The maximum likelihood estimates of parameters under random-site models of variable ω across sites are listed in Table 2. Values of ω were significantly higher than one under M2a and M8 models that allow for balancing selection (ω ₂ = 4.945 in M2a and ω = 4.395 in M8). The likelihood ratio test of hypotheses showed statistically significant values (M2a vs. M1a: df = 2, 2△InL = 39.73, p < 0.001; M8 vs. M7: df = 2, 2△InL = 40.30, p < 0.001), revealing the balancing selection model is a better fit to the data compared to other models.

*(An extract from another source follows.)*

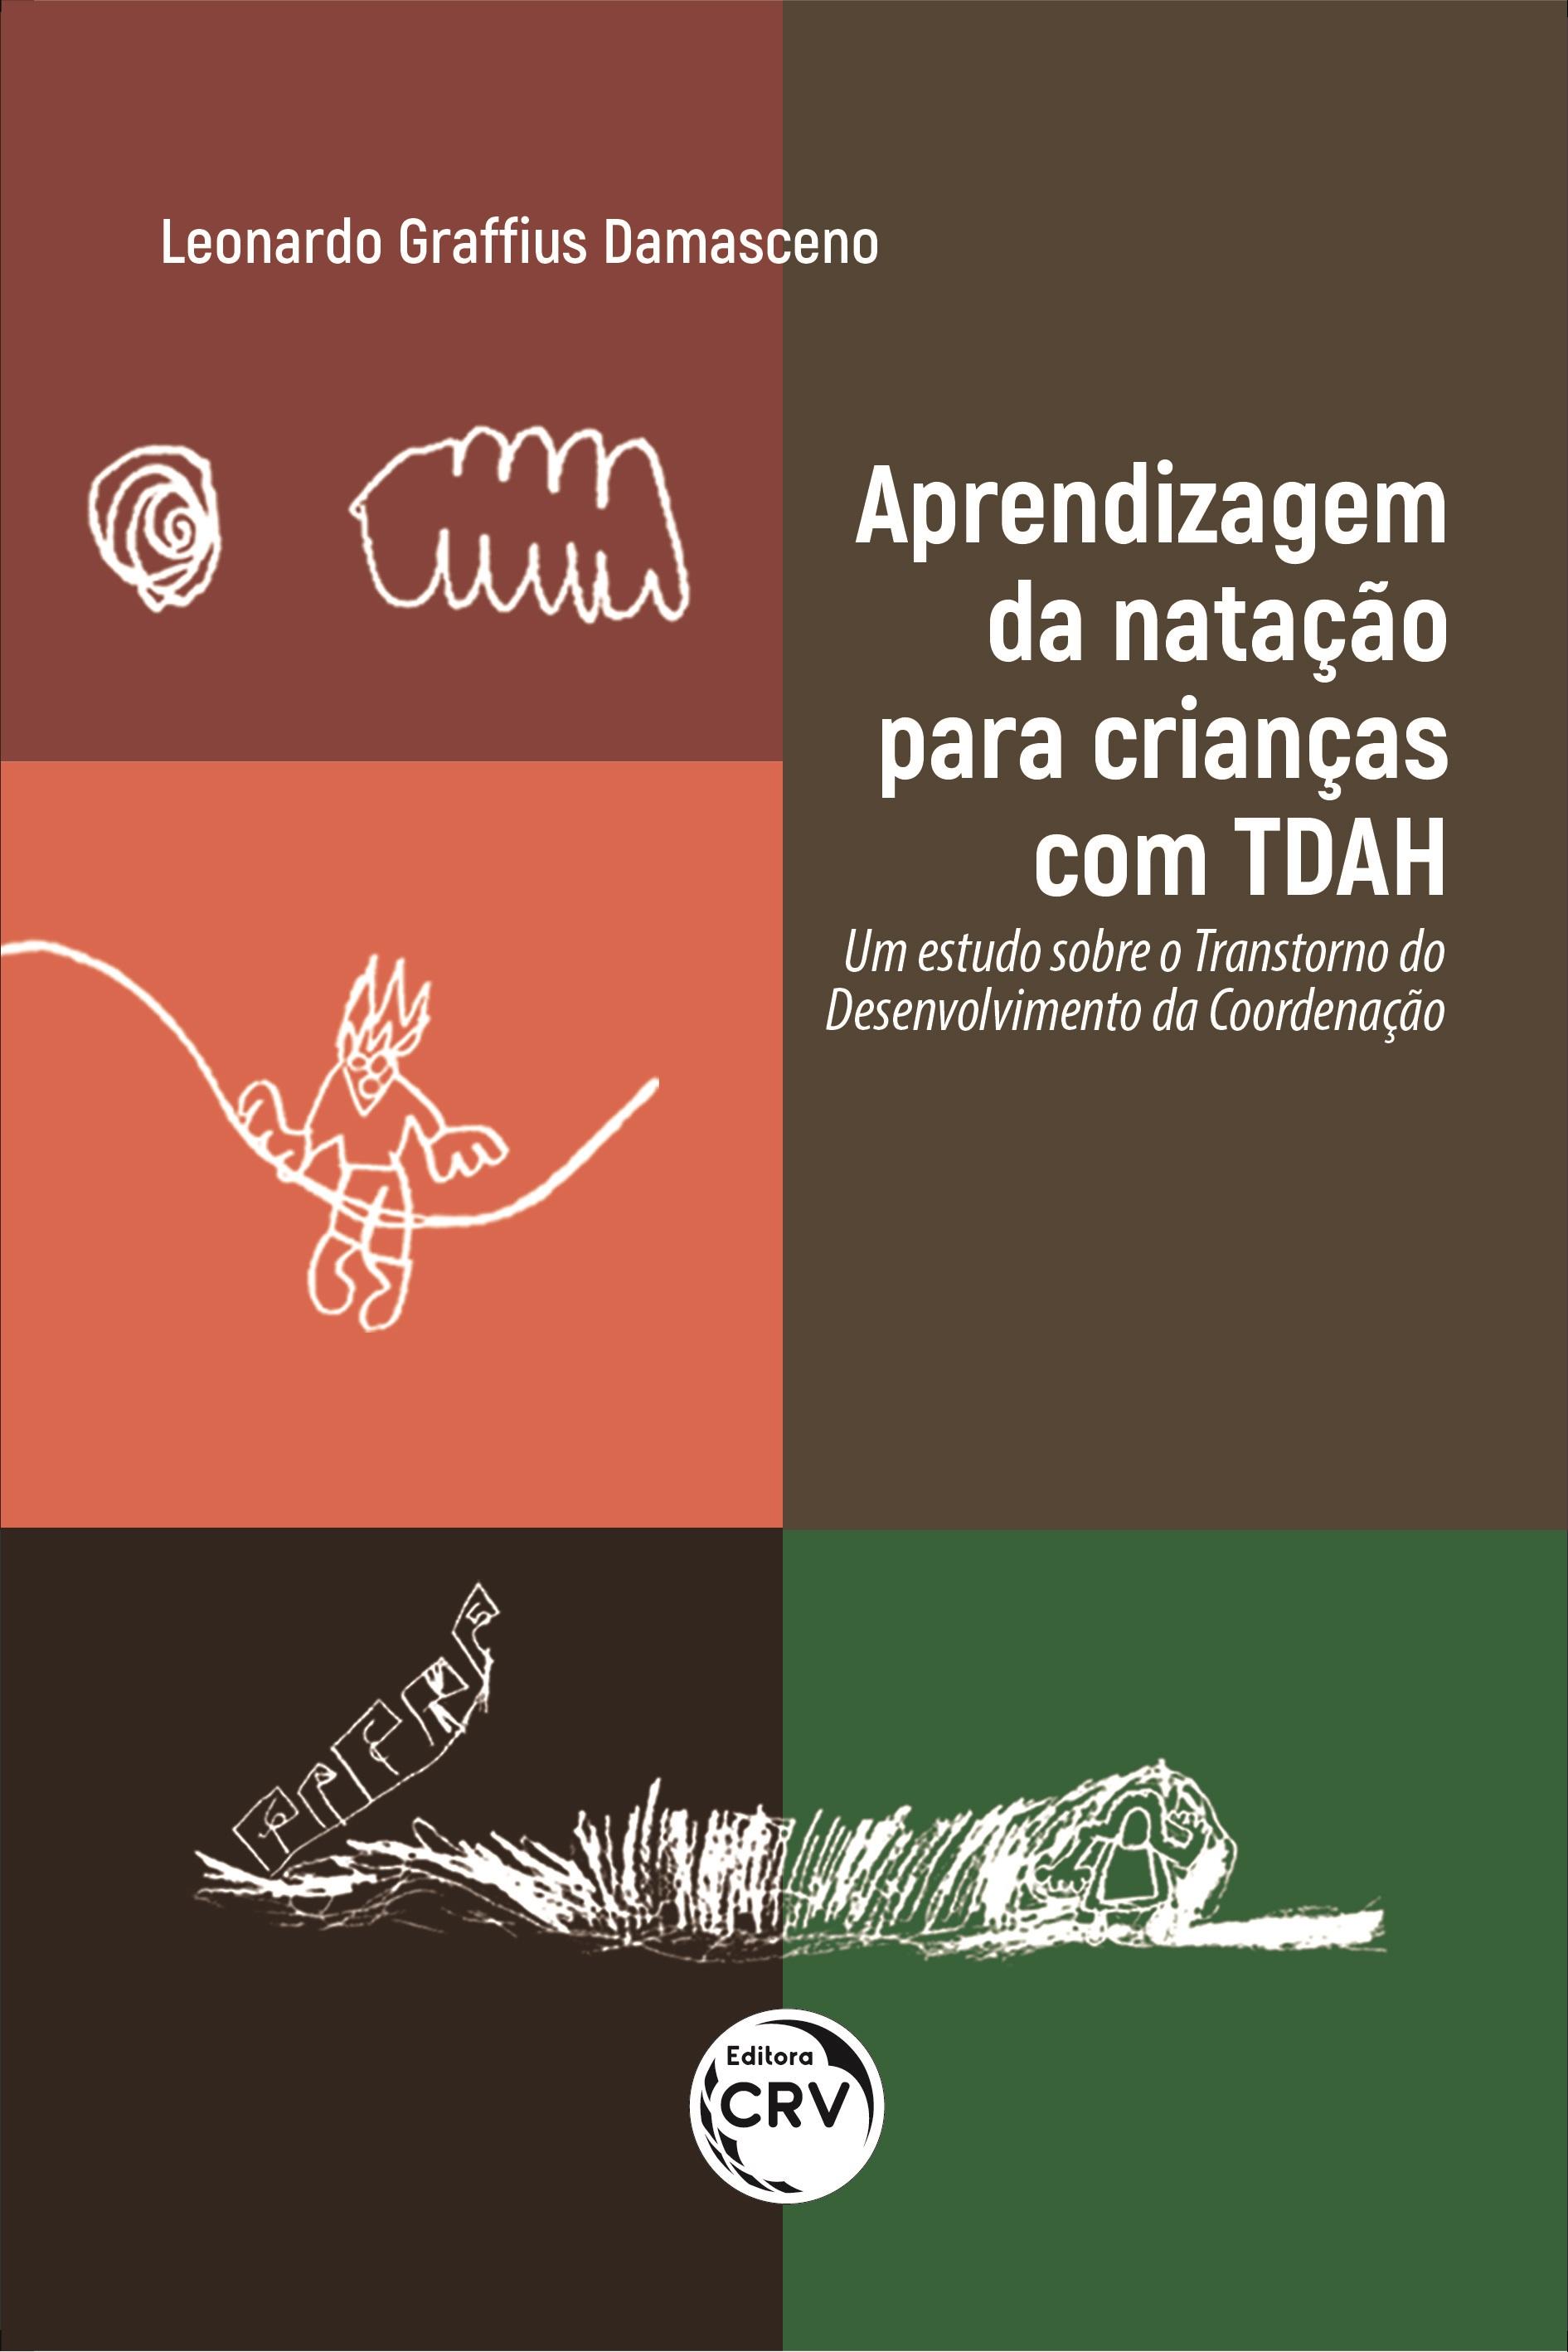 Capa do livro: APRENDIZAGEM DA NATAÇÃO PARA CRIANÇAS COM TDAH:<br> um estudo sobre o Transtorno do Desenvolvimento da Coordenação

Under M2a model, ten codons were identified as being under balancing selection (57th with p > 95% probability; 37th, 67th and 86th with p > 99% probability) (Table 2 and Fig. 2). Under M8 model, eleven codons were identified as being under balancing selection (30th, 38th, 57th, 60th and 84th with p > 95% probability; 37th, 57th, 67th and 86th with p > 99% probability) (Table 2 and Fig. 2). Seven out of eleven in M8 correspond to the ABS residues known from humans [21], and the other sites were adjacent to putative ABS (Fig. 2).

Table 2. Positively selected sites of Hume’s pheasant MHCIIB exon 2 sequences from implementing neutral (M1a, M7) and selection (M2a, M8) models in CODEML [26].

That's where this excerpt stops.